Friday, April 13, 2018

For Gen Z, Gen Y, Movie Ads Prove The Big Draw

Commentary

 

The bigger the better may be a draw for a younger crowd when it comes to video screen advertising. But make it personal as well.

In a recent Kantar Millward Brown study, the most positive advertising form for young consumers — Gen Z (born in 1993 onward) and Gen Y (born in 1980 onward) — is cinema advertising.
Each of those groups gave cinema a positive 62% experience. When looking at all demo groups overall, the numbers were pretty good for cinema in general — with a 49% approval number.
The study also notes that Gen Z numbers are up for mobile video ads in terms of approval versus 2016 — one of only two areas showing gains for any groups. Only billboard/outdoor advertising also showed an uptick versus 2016 — now at 56% for Gen Y.

Mobile video seems to have a big future. Still, overall approval is just 25% — but headed in right direction for younger demos.
 
What about other advertising platforms? Many continue to register poor results — including magazine ads, online search ads, online display ads, online video ads, and mobile display ads.
One area that may be somewhat positive is traditional media. TV, outdoor, newspaper and radio ads witnessed no change versus two years ago, with good but not great approval numbers — at 44%, 46%, 43%, and 39%, respectively.
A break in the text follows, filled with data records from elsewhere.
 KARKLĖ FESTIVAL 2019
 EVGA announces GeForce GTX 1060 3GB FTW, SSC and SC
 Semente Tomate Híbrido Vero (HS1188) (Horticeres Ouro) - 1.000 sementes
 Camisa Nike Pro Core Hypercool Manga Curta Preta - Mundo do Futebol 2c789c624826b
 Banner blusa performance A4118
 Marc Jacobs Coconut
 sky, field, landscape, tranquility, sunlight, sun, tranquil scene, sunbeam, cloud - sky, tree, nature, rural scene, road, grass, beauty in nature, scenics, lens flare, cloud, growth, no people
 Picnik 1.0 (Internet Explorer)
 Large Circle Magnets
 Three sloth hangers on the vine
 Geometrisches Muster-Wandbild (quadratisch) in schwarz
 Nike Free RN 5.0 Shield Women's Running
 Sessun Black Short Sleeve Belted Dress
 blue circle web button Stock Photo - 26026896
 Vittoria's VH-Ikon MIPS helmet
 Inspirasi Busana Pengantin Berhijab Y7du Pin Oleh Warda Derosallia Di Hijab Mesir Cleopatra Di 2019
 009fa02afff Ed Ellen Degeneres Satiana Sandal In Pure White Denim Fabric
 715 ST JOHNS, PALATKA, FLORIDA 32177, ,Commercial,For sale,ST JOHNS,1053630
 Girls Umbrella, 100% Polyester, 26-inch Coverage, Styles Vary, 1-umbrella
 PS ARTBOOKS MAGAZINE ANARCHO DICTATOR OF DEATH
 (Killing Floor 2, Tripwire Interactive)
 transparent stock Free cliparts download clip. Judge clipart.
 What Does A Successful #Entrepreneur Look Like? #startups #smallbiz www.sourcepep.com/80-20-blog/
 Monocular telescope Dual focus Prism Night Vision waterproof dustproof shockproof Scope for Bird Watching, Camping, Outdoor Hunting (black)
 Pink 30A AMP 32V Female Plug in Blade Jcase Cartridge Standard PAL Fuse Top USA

With many disruptive issues around the video advertising format — including the ability to skip digital video advertising after only a few seconds — consumers, especially young consumers, seem to have little patience.

When asked which of the following types of online/mobile advertising they remembered seeing in the last two weeks, 44% of Gen Zs said they remembered seeing some ads “too many times.” When it came to repetitive ads, Gen Y numbers were at 30%.

The study came from over 14,500 interviews among 16- to-65-year-olds between August and November 2017 in 45 countries.

While young consumers seems to understand the consumer-model dynamic — advertising will remain a key piece of their digital media world — they continue to have a relatively short fuse when it comes to overbearing ad campaigns.

Stuff that just sucks — or is seen too many times — won’t get much of a second chance. But very big and some very small personal video ads might do better.